Soumis au poids accru de la réglementation et à une érosion des marges, nombre d'acteurs réduisent leur spectre.

Talonné par Bank of America, UBS est à nouveau numéro un du secteur avec une croissance de presque 10 %.C rédit : Gianluca Colla/Bloomberg

Les particuliers fortunés n’ont jamais été aussi nombreux. Alors que cette population a crû de 9,2 % à 12 millions en 2012, sa capacité d’investissement cumulée a progressé de 10 % pour atteindre un niveau sans précédent de 46.200 milliards de dollars, selon un rapport sur la richesse mondiale réalisée par Capgemini et RBC Wealth Management. Nombre d’établissements financiers réduisent pourtant la voilure dans leur activité de banque privée. Après le recentrage de Bank of America sur son marché domestique en 2012, Credit Suisse a annoncé fin septembre son retrait d’une cinquantaine de pays d’ici à fin 2013. A cette décision succède celle de Barclays, qui entend mettre un terme à ses activités dans 130 pays d’ici à 2016. « Ces annonces ne constituent pas une surprise et sont en adéquation avec les attentes des clients.
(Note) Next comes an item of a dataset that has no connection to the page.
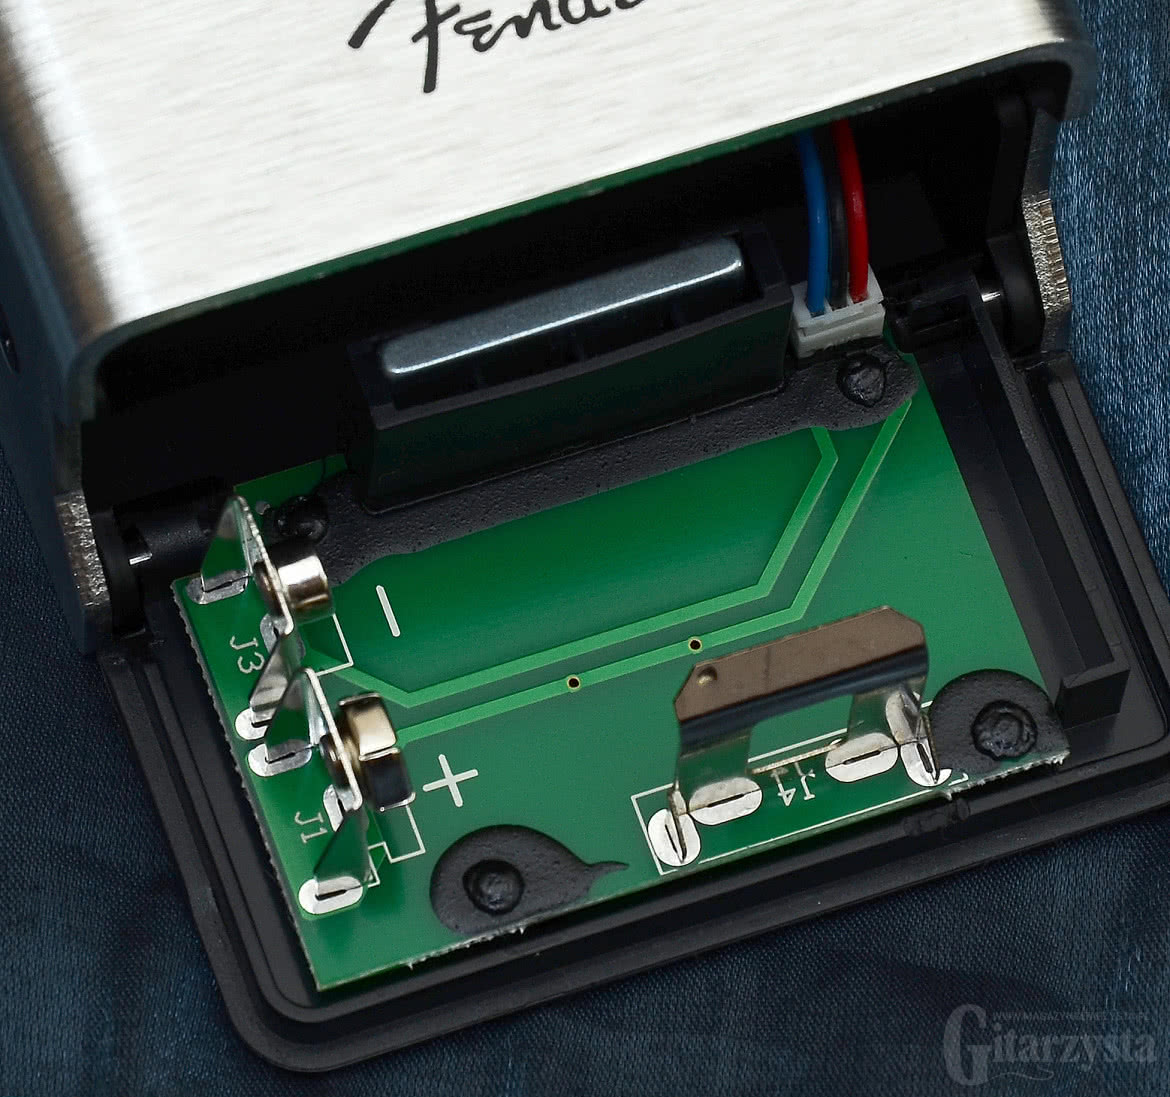 Magnetyczna klapka baterii to już znak firmowy nowej serii stompboxów Fendera.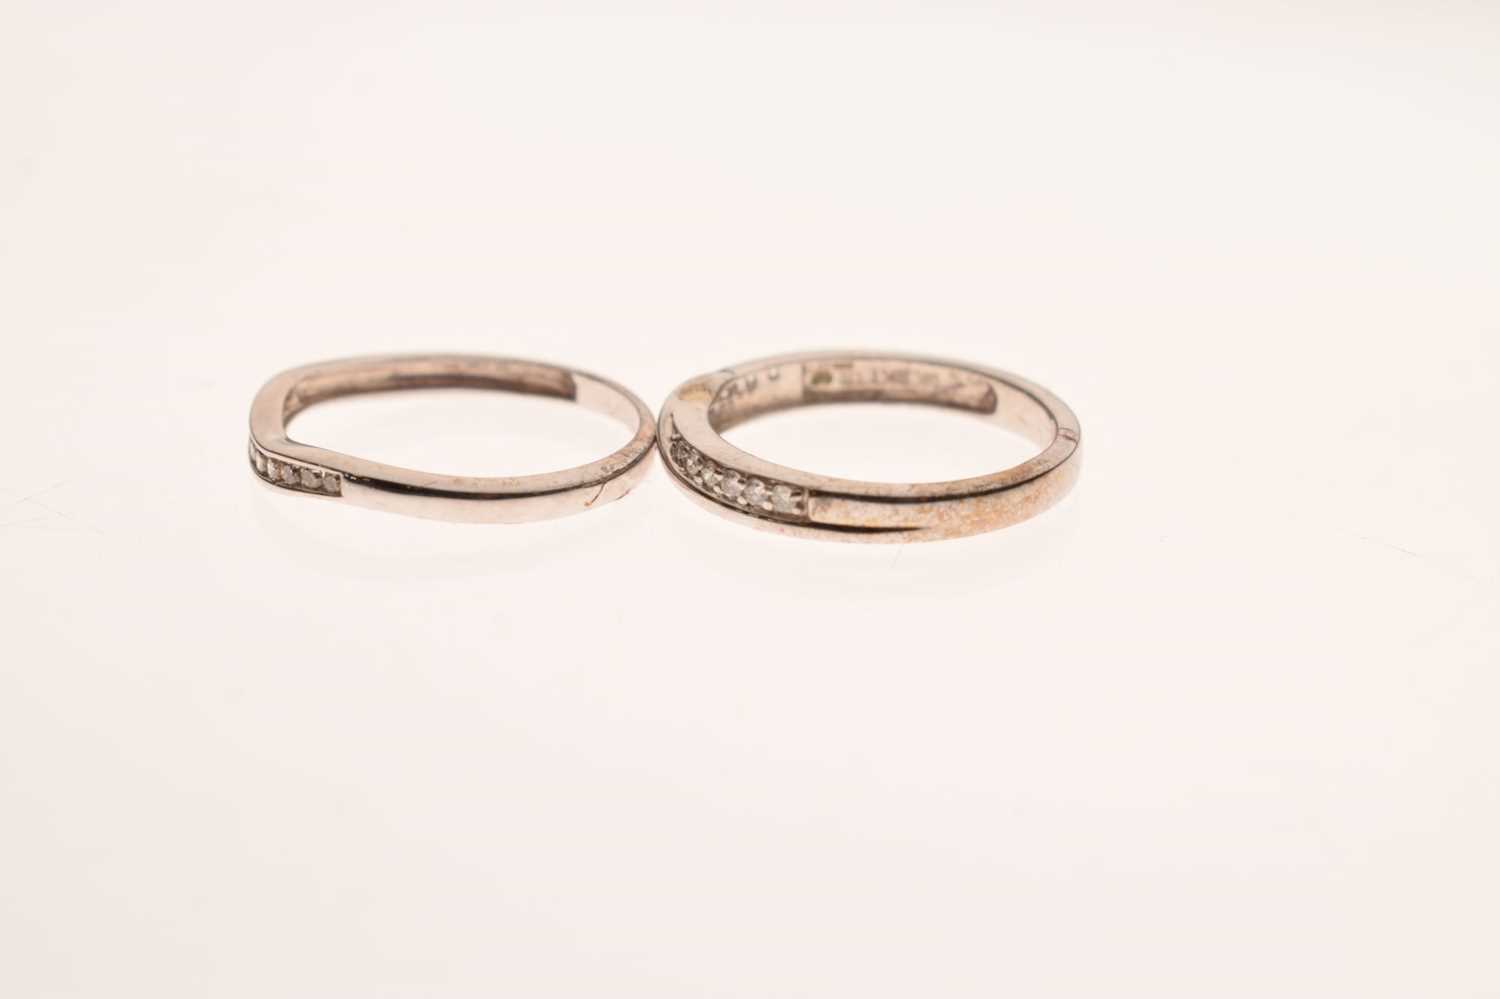 9ct white gold diamond set shaped wedding ring - Image 2 of 6

Confrontés entre autres à de nombreuses requêtes liées aux exigences réglementaires, ceux-ci souhaitent en effet une plus grande implication de la part de leur banque, elle-même soumise à ces contraintes, estime Jean Lassignardie, directeur des ventes et du marketing de l’entité mondiale services financiers de Capgemini. Se concentrer sur un spectre d’interventions moins large, mais plus en profondeur, devient une nécessité pour les banques. D’autres acteurs sont appelés à suivre cette voie. »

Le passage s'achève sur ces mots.